The states of America had formed not a union but a confederation, which acted not on individuals but only on each separate sovereignty; room for amendment seemed to be provided for; but an amendment could not take place without the simultaneous consent of every member of the league. With every day, men would grow more attached to their separate states; for many of these had the best governments in the world, while the confederation was one of the worst, or was rather no government at all.

Washington was the first to perceive the defects of the confederation, and the first to urge its reform. On the day before it was adopted he had explained to a young member of the Virginia legislature "the necessity of a controlling power to regulate and direct all matters of general concern. The great business of war," he said, "never can be well conducted, if it can be conducted at all, while the powers of congress are only recommendatory. Our independence, our respectability and consequence in Europe, our greatness as a nation hereafter, depend upon vesting congress with competent powers. That body, after hearing the views of the several states fairly discussed, must dictate, and not merely recommend."

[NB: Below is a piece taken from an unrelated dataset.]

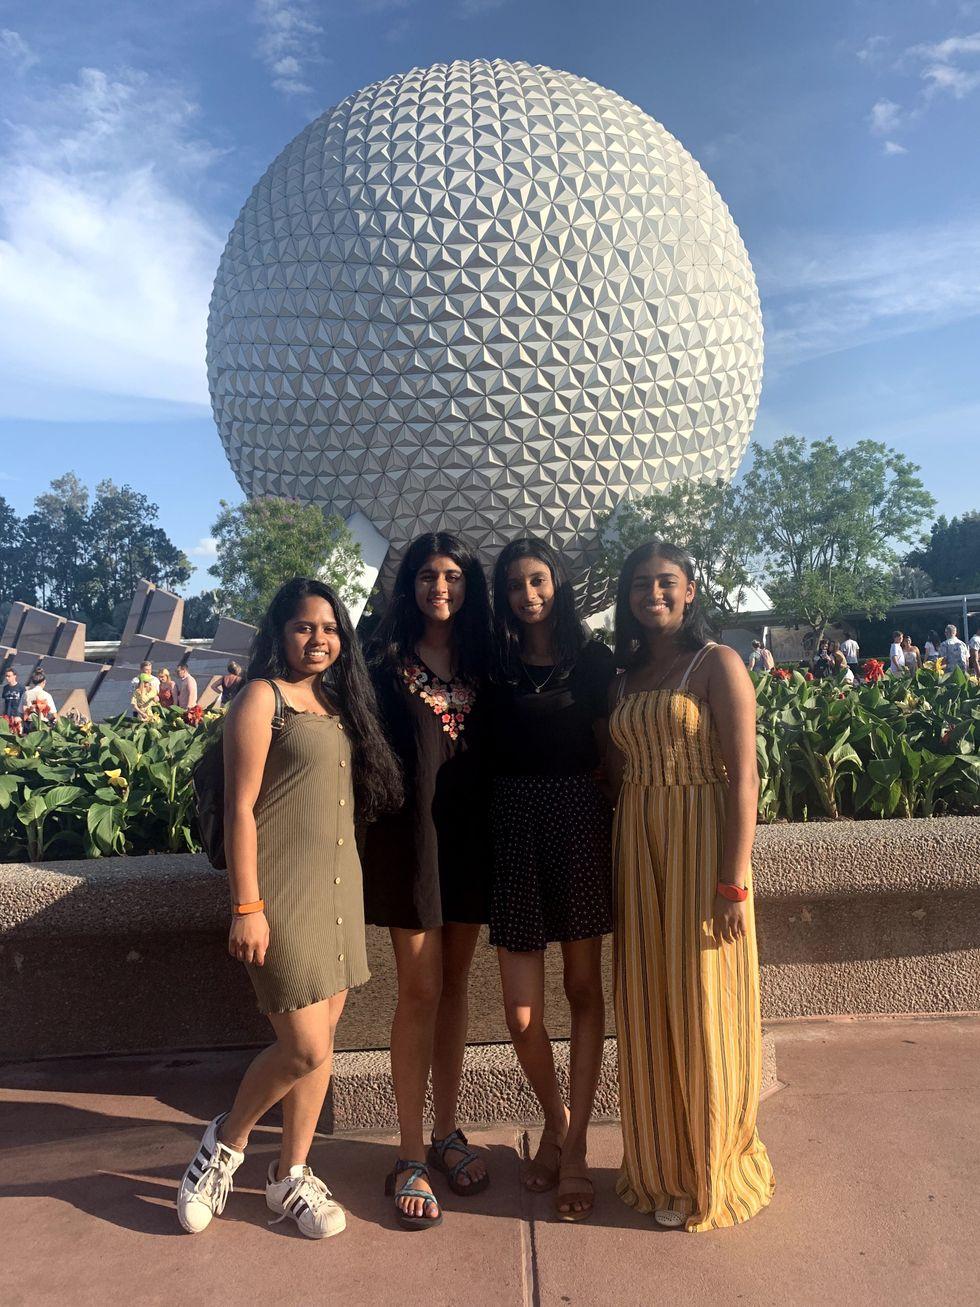 Photo Album: A Week In Disney Orlando For HOSA ILC With Friends

The position of the commander-in-chief required of him unceasing caution. Intrusted with the conduct of the war, no one could see so clearly the absolute necessity of clothing the confederation with coercive powers over its members; but the vigorous recommendation of the change, proceeding from the

head of the army that in the last resort would be the instrument of coercion, would have increased and apparently justified congress in its jealousy of the camp. While, therefore, he wished to support his opinion by all the influence which he could wield, he sought to do it so circumspectly as to awaken no fear of military dictation or a baneful employment of force. The office of preparing a code of laws for Virginia, and adapting them to her new relations, had been definitively confided to Pendleton, Wythe, and Jefferson. No sooner had a groundwork for national reform been laid by the acceptance of the confederation, than Washington addressed to these three greatest civilians of his native commonwealth the most earnest arguments and entreaties that the manner of coercing a refractory or delinquent state might be clearly laid down, and the defects of the articles of confederation be seasonably considered and remedied. "Danger," he added, "may spring from delay; good, from a timely application of a remedy. The present temper of the states is friendly to the establishment of a lasting union; the moment should be improved: if suffered to pass away, it may never return; and, after gloriously and successfully contending against the usurpations of Britain, we may fall a prey to our own follies and disputes."

He was more particularly impelled to express his opinions with freedom, because, in December 1779, the legislature of Virginia seemed to have censured the idea of enforcing obedience to requisitions. "It would give me concern," he added, "should it be thought of me that I am desirous of enlarging the powers of congress unnecessarily, as I declare to God my only aim is the general good. A knowledge that this power was lodged in congress might be the means to prevent its ever being exercised, and the more readily induce obedience; indeed, if congress was unquestionably possessed of the power, nothing should induce the display of it but obstinate disobedience and the urgency of the general welfare."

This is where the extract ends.